# skid steer saw



## ASD (Nov 27, 2007)

any of you use a saw on a skid steer ? i have found round saws on the net but no chain saws . i am looking for something that will cut 4"-8" trees fast!! the tool will be used in orchard removals on small trees in rows i am trying to cut down on the sore backs at the end of the day and i think that their is a tool out their that will do what i need. so what say u ????????


----------



## ropensaddle (Nov 27, 2007)

ASD said:


> any of you use a saw on a skid steer ? i have found round saws on the net but no chain saws . i am looking for something that will cut 4"-8" trees fast!! the tool will be used in orchard removals on small trees in rows i am trying to cut down on the sore backs at the end of the day and i think that their is a tool out their that will do what i need. so what say u ????????

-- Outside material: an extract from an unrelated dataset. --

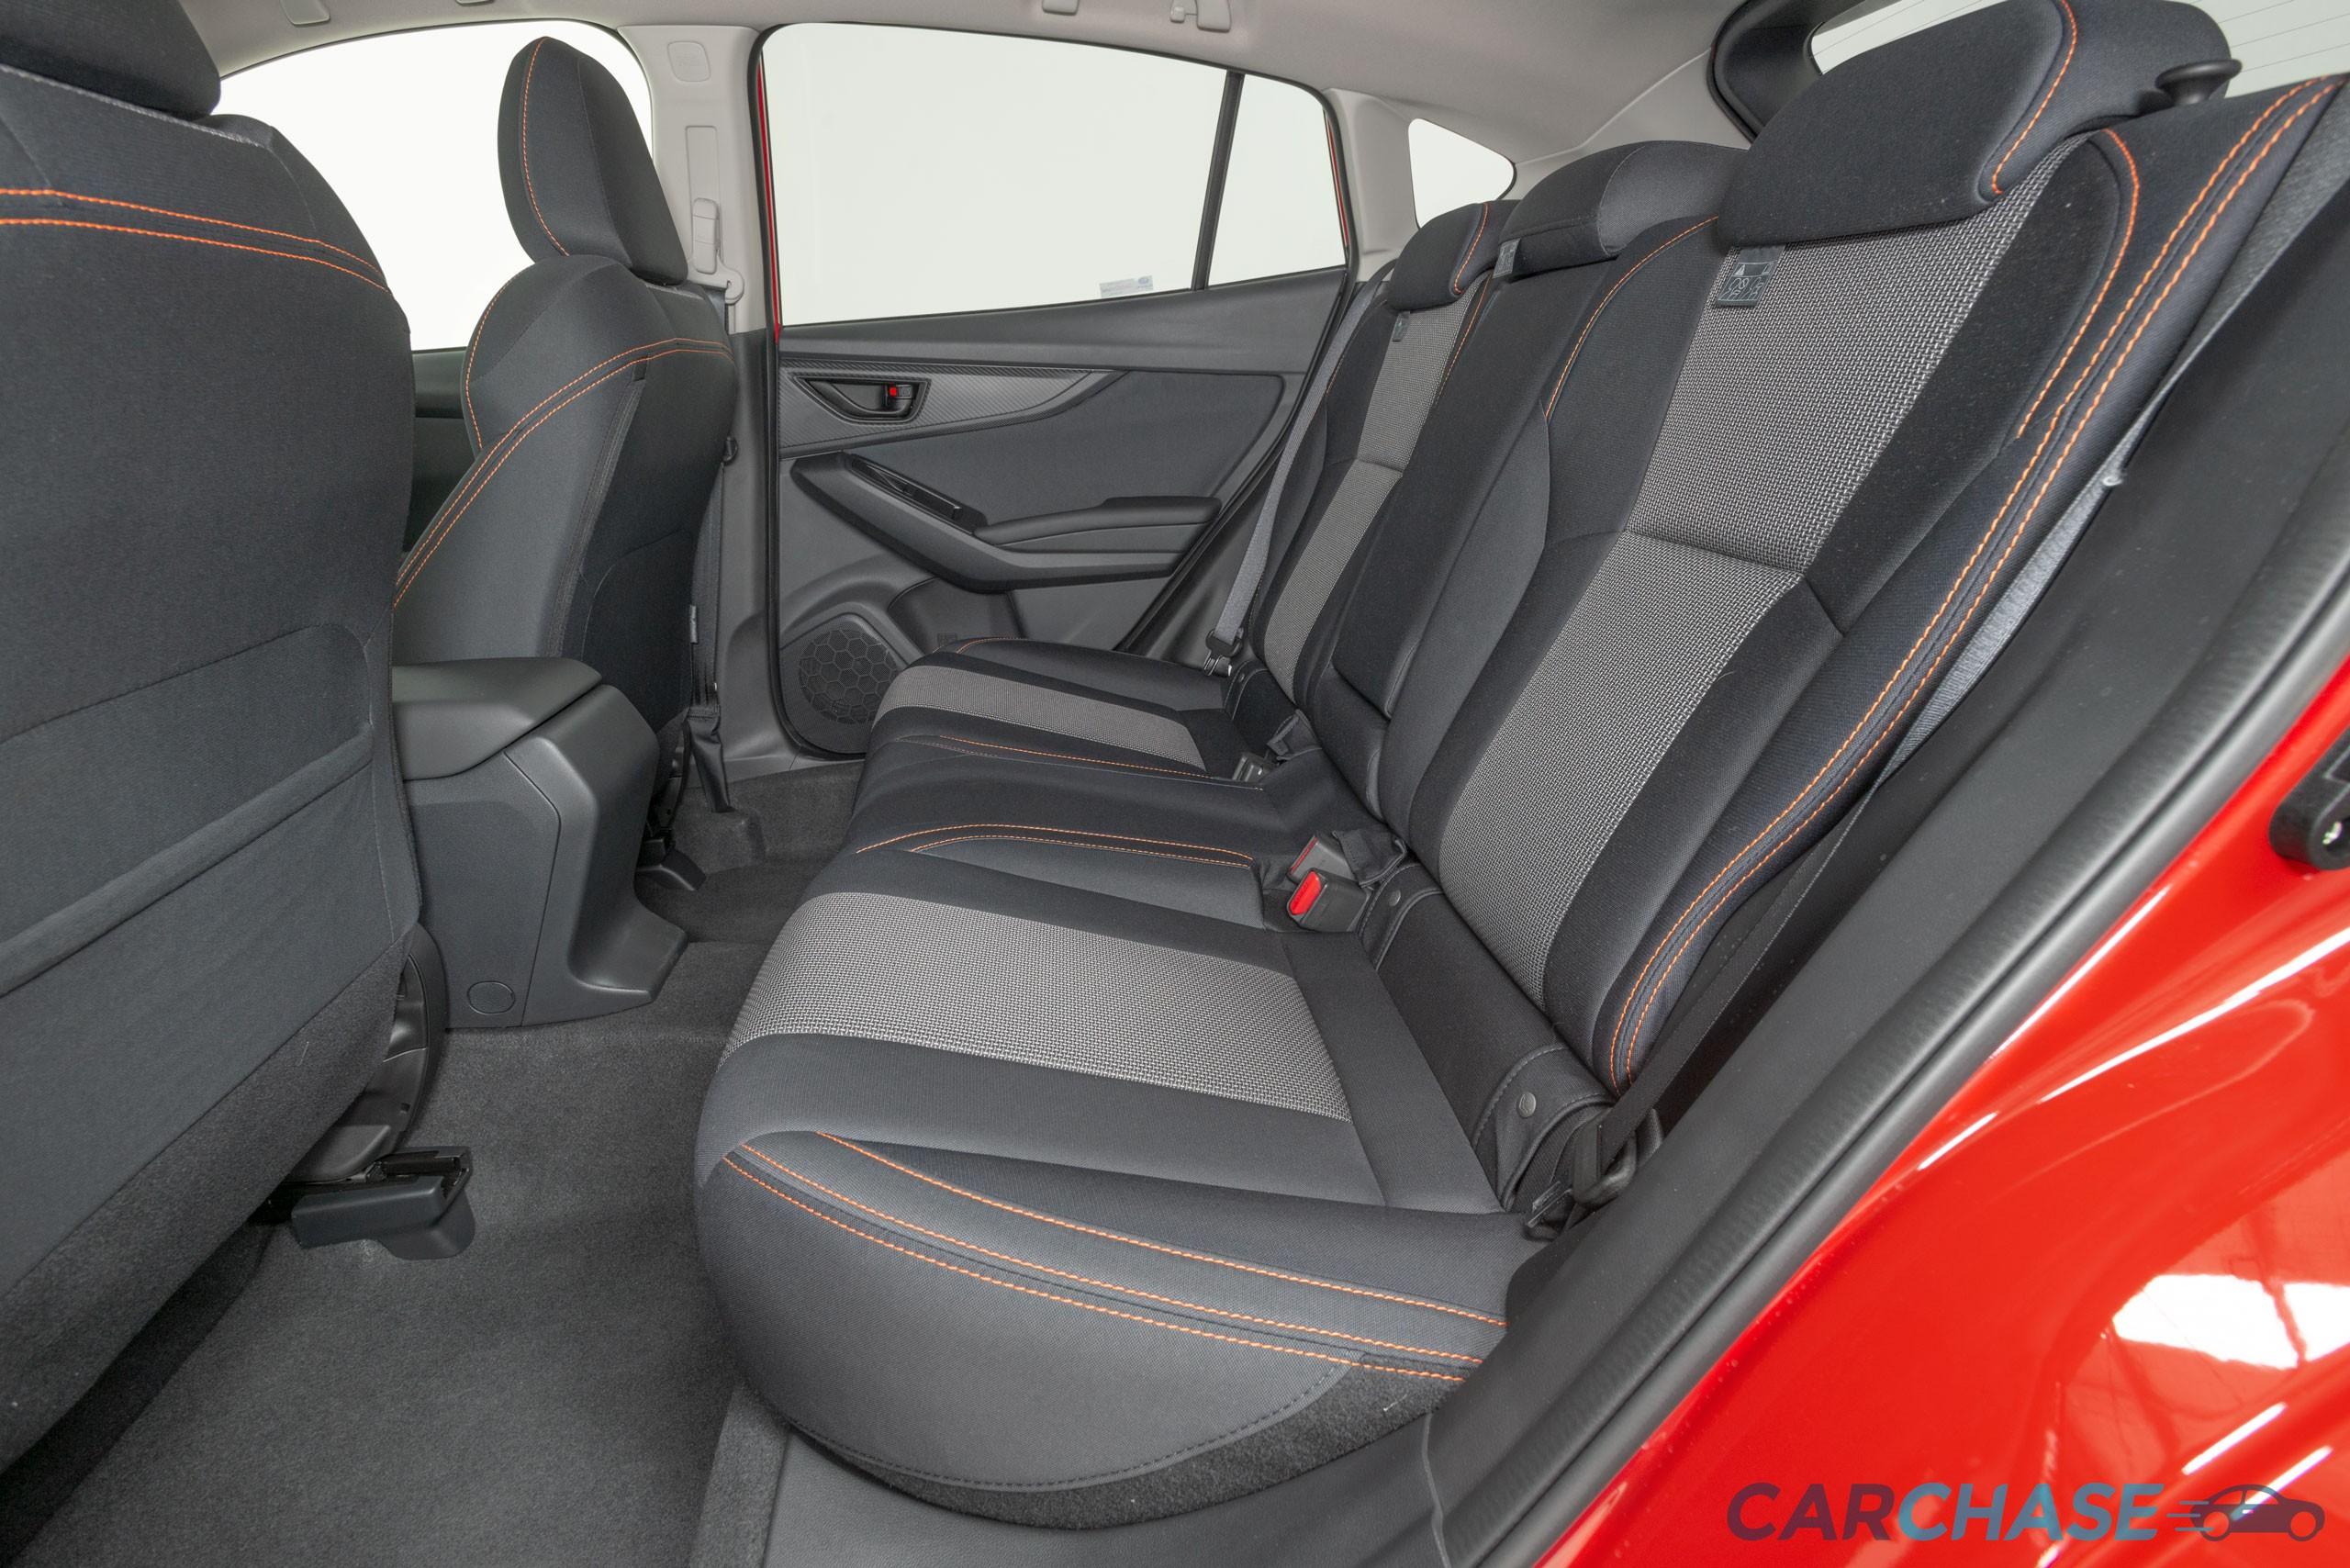 Image of passenger rear profile of 2018 Subaru XV 2.0i

A brown tree cutter will destroy 4to8 inch or the fecon
but spendy and the fecon horse power need is greater!
The brown tree cutter is pto driven so skid steer is a ?
but on a 55 horse+ tractor they are heavy brush monsters.


----------



## ROLLACOSTA (Nov 27, 2007)

why not use a shear?


----------



## Husky137 (Nov 27, 2007)

Tree shear is the answer. I work with a guy sometimes who has a hydraulic shear on his 100hp ASV. Capable of 14"diameter, in theory at least.


----------



## ASD (Nov 27, 2007)

ROLLACOSTA said:


> why not use a shear?



to slow


----------



## ROLLACOSTA (Nov 28, 2007)

could you mount a harvesting head then?


----------



## ASD (Nov 28, 2007)

ROLLACOSTA said:


> could you mount a harvesting head then?

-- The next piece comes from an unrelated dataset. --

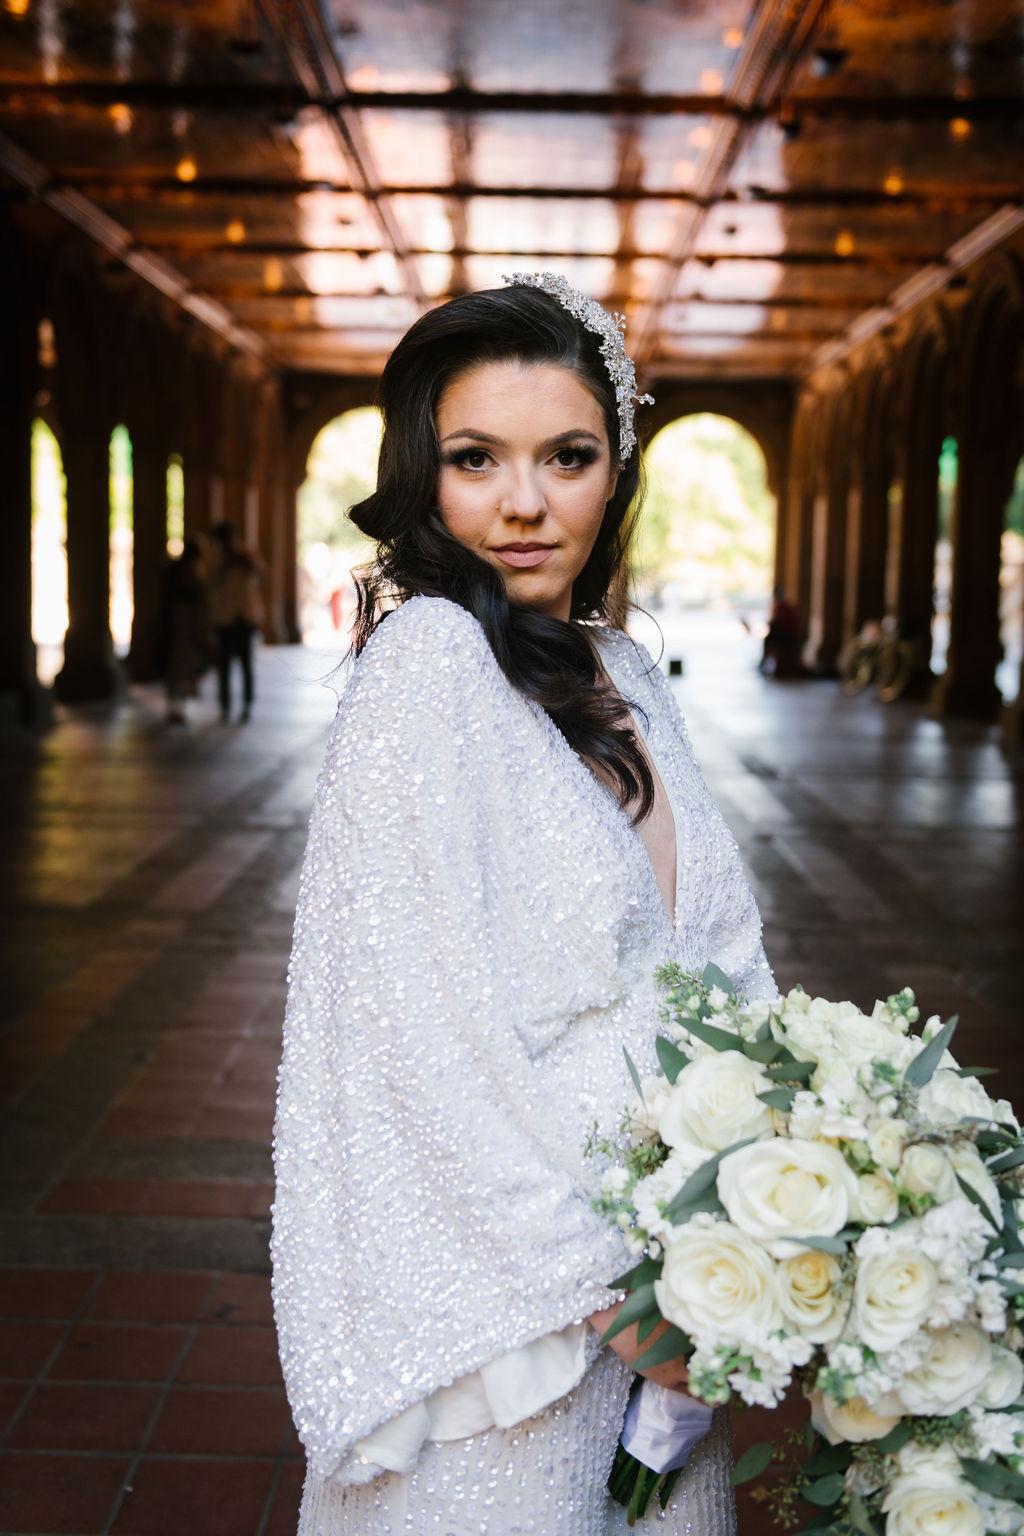 Central Park Micro Wedding-Everly Studios-06

ya that is what i am looking for but i can't find one:bang:


----------



## QwikDraw (Dec 9, 2007)

How about

http://www.treeshears.com/quicksaw/default.htm

I talked to them months ago, I think they only have one or two of these out there...but it may be what you need.


----------



## a_lopa (Dec 10, 2007)

Looks good that unit quickdraw..


----------



## sawyerDave (Dec 10, 2007)

*There is one made for skidloaders*

I think it might be called a tree terminator or some such similar. Worksaver makes a shear that goes up to 8", and there is a thread that has a picture of a homemade one over at tractorbynet.com. I have also seen a triangular piece of steel with teeth cut on both sides, that cuts trees down by simply pushing the blade into the tree at ground level, with the skidloader, just like you would do with a handsaw, only bigger and thicker blade. Search around, and you will find what you are looking for.


----------



## sharkfin12us (Dec 11, 2007)

*skid steer saw telescopic saws*

I had this saved on my computer it is saw and telescopic for skid steer.
http://www.abcgroff.com/ic/sheye1.htm#1

Maybe you might be interested in tree shear attachment
http://www.treeterminator.com/grande.htm


----------



## LNG24 (Dec 12, 2007)

I saw one of those Tree Shears at work in an Apple Orchard. IT WAS NOT SLOW. The guy was flwying through the Orchard. Since the orchard is planted in rows, he simply cut (he had that grapple above) lifted and placed in the path to his right.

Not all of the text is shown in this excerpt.